Further, "Let your loins be girded about, and your lights burning, and ye yourselves like unto men that wait for their lord, when he will return . . . Blessed are those servants whom the Lord when he cometh shall find watching... But, and if that servant say in his heart, My lord delayeth his coming, and shall begin to beat the men-servants and maidens, and to eat and to drink and to be drunken, the lord of that servant will come in a day when he looketh not for him, and in an hour when he is not aware, and will cut him in sunder, and will appoint him his portion with the unbelievers" (Luke xii, 35-37, 45, 46). The parable of the ten virgins enforces the same fact, viz., the unworthy portion of his servants will be publicly and officially rejected at the time the others are acknowledged.

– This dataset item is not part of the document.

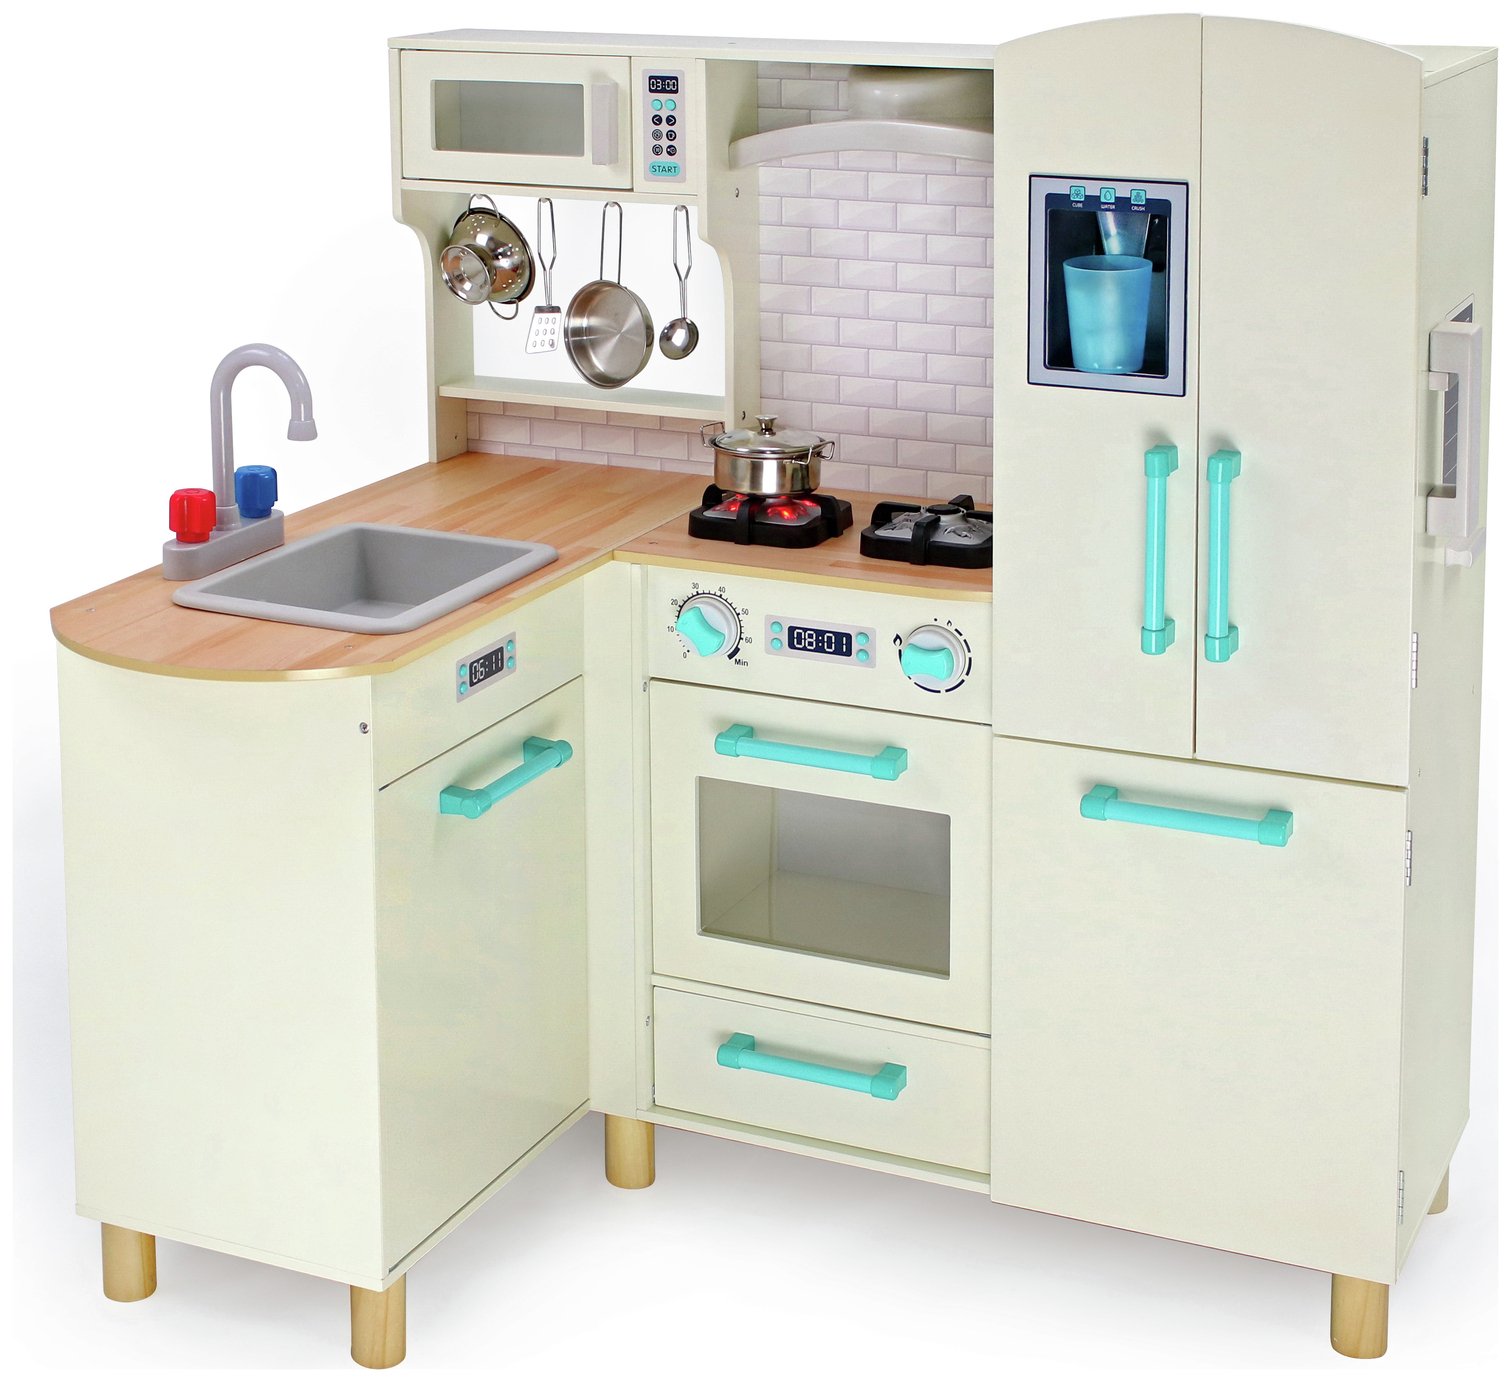 Argos Kitchen Set Toy Cheap Online

This is in harmony with the reason of the thing, as well as with the numerous testimonies already cited from the apostolic writings. Many are called, but only few out of the many are "chosen." When should the choice take place, but at the time represented in. these parables, viz., "When the lord of those servants cometh" to develop the state of things with reference to which the choice is to be made? (Matt. xxv, 19). The present is not a time for dividing the wicked from the righteous. Both go to the grave, and "rest together in the dust," and their merits and demerits would sleep for ever with them in the silence of the tomb, were it not for the awaking voice that calls the just and unjust, at the appointed time, from the oblivion of hades, to give an account before the "judgment-seat of Christ." Now is not the time for Jesus to execute judgment. He is a priest over his own house. The great question of account is left over till he returns. "He shall judge the quick and the dead AT HIS APPEARING AND HIS KINGDOM." He shall open the dread book of God's remembrance, wherein are indelibly recorded the thoughts and transactions of those who shall come to judgment, and the dead shall be judged out of those things that are written in the book.

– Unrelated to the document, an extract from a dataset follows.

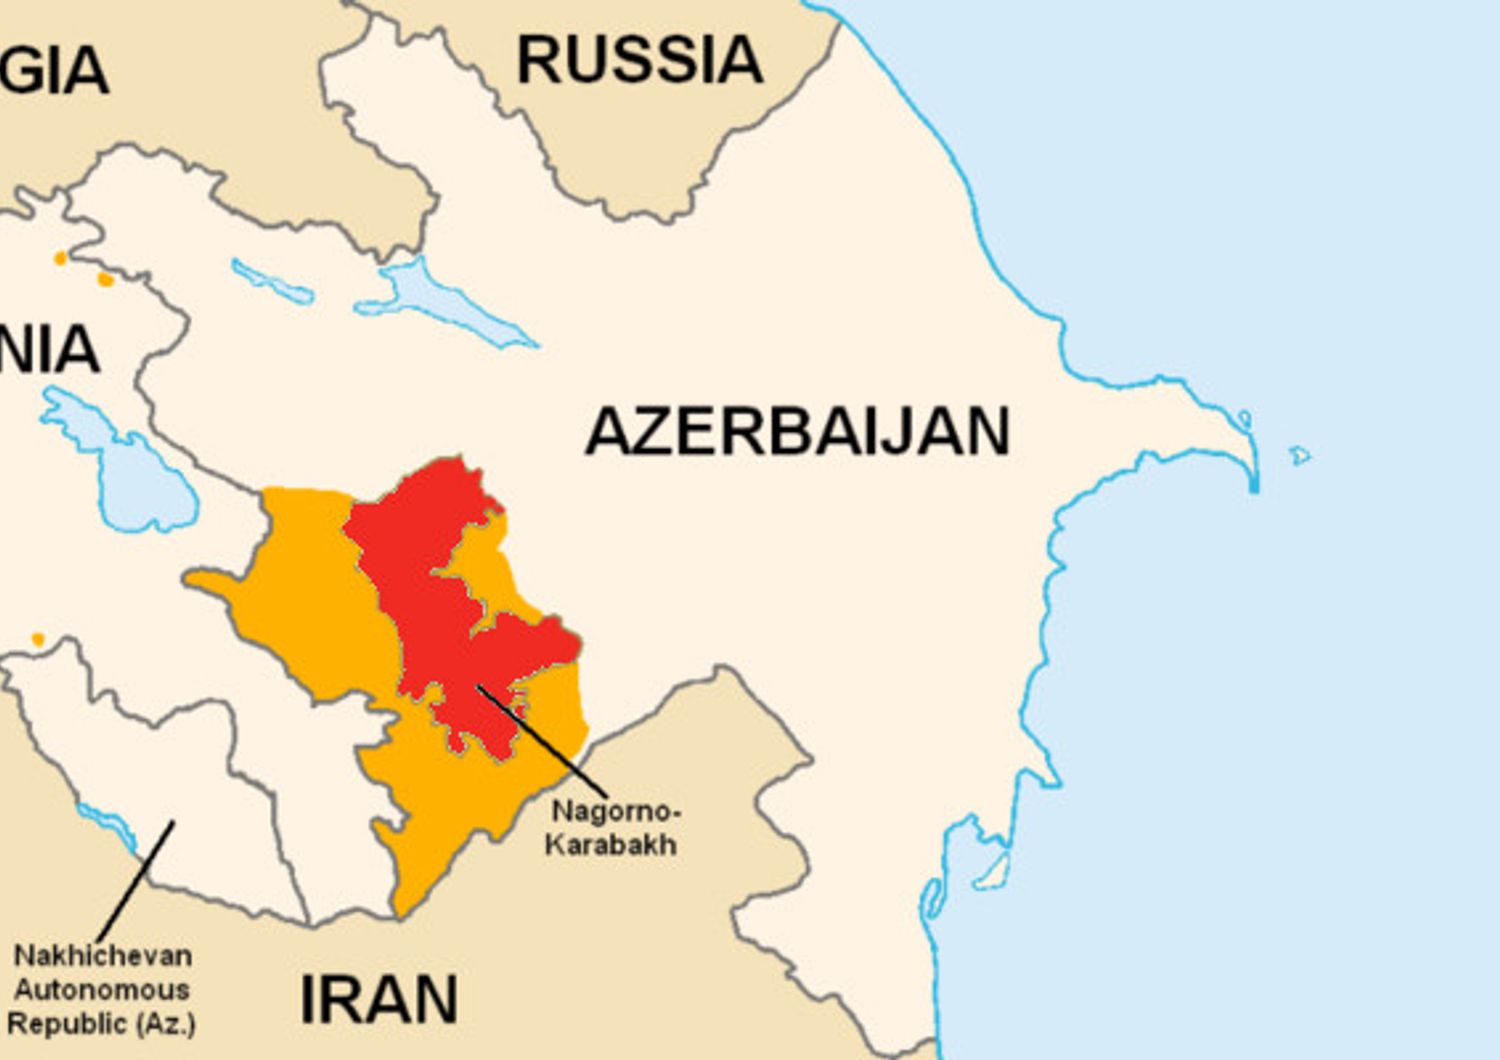 &nbsp;Armenia Azerbaijan Nagorno-Karbakh

Shall the wicked be absent at such a moment? The suggestion is precluded by the testimony and by the sense of the thing. A mockery of a judgment-seat it would be if its operations were confined to the allotment of rewards to the accepted. To judge, in the executive sense, is to enforce the division of good from evil. This is the function of Jesus in relation to His servants at His coming. True, says the suggester, but it will only be the living wicked that he will reject; the dead wicked will sleep on to another period. Is it so, then, that the accident of death a day before the advent will shut off a wicked man from the jurisdiction of the Judge of the quick and dead? Is it so that Jesus will only judge the living and not the dead at his appearing? Is it so that he is not "lord both of the dead and living?" (Rom. xiv, 9). The answer is self-evident; life or death makes no difference in our relationship to the judgment-seat. The Son of Man has power to call from the dead at his will, and, therefore, virtually, the dead are as much amenable to his judicature as those who may happen to be in the flesh when he is revealed.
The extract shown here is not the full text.